Царь распорядился торжественно справить похоронный обряд. В чересчур тяжелых для его старых, усталых плеч доспехах Ахиллеса, сгорбившийся, с отсутствующим взором, сопровождаемый Телемахом и старейшинами его царства, он мог произвести впечатление человека, объятого печалью, безутешным горем. Один лишь Телемах догадывался, каковы были в действительности отношения отца и матери. После двадцати лет разлуки и бурных, а порой весьма соблазнительных приключений, Одиссей не сумел во второй раз полюбить верную, но уже немолодую жену, и теперь, когда она навек покинула его, в сердце у него была пустота.
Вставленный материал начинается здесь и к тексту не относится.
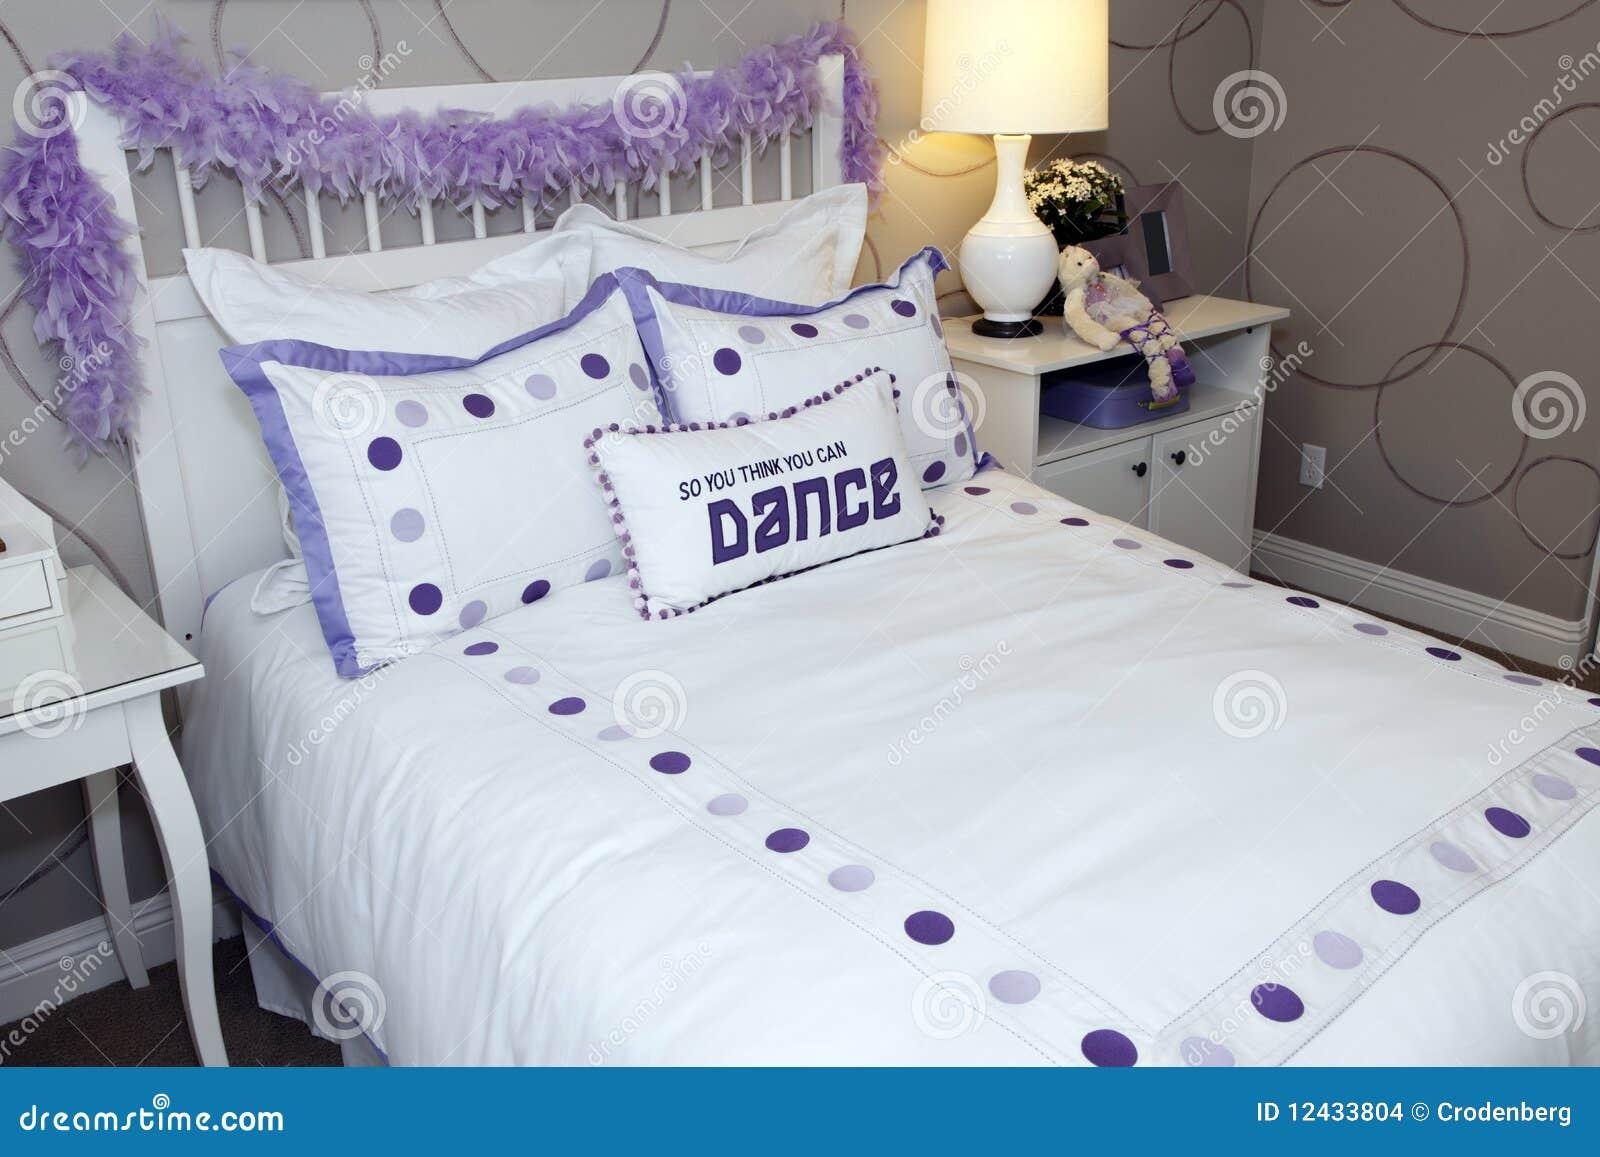 jugendliches schlafzimmer stockbilder bild 12433804. Black Bedroom Furniture Sets. Home Design Ideas

На склоне того памятного дня произошло вот что: вызванные по приказанию Одиссея старой нянюшкой Евриклеей двенадцать развратных рабынь выволокли из пиршественного зала во двор окровавленные и ужасно изувеченные останки женихов, смыли кровь с пола и стен, после чего во дворе, в присутствии Телемаха, они были повешены, а предатель козовод Меланфий был подвергнут жестоким пыткам: ему отсекли нос и уши, отрезали срамные части, отрубили руки и ноги, и он скончался в мучениях.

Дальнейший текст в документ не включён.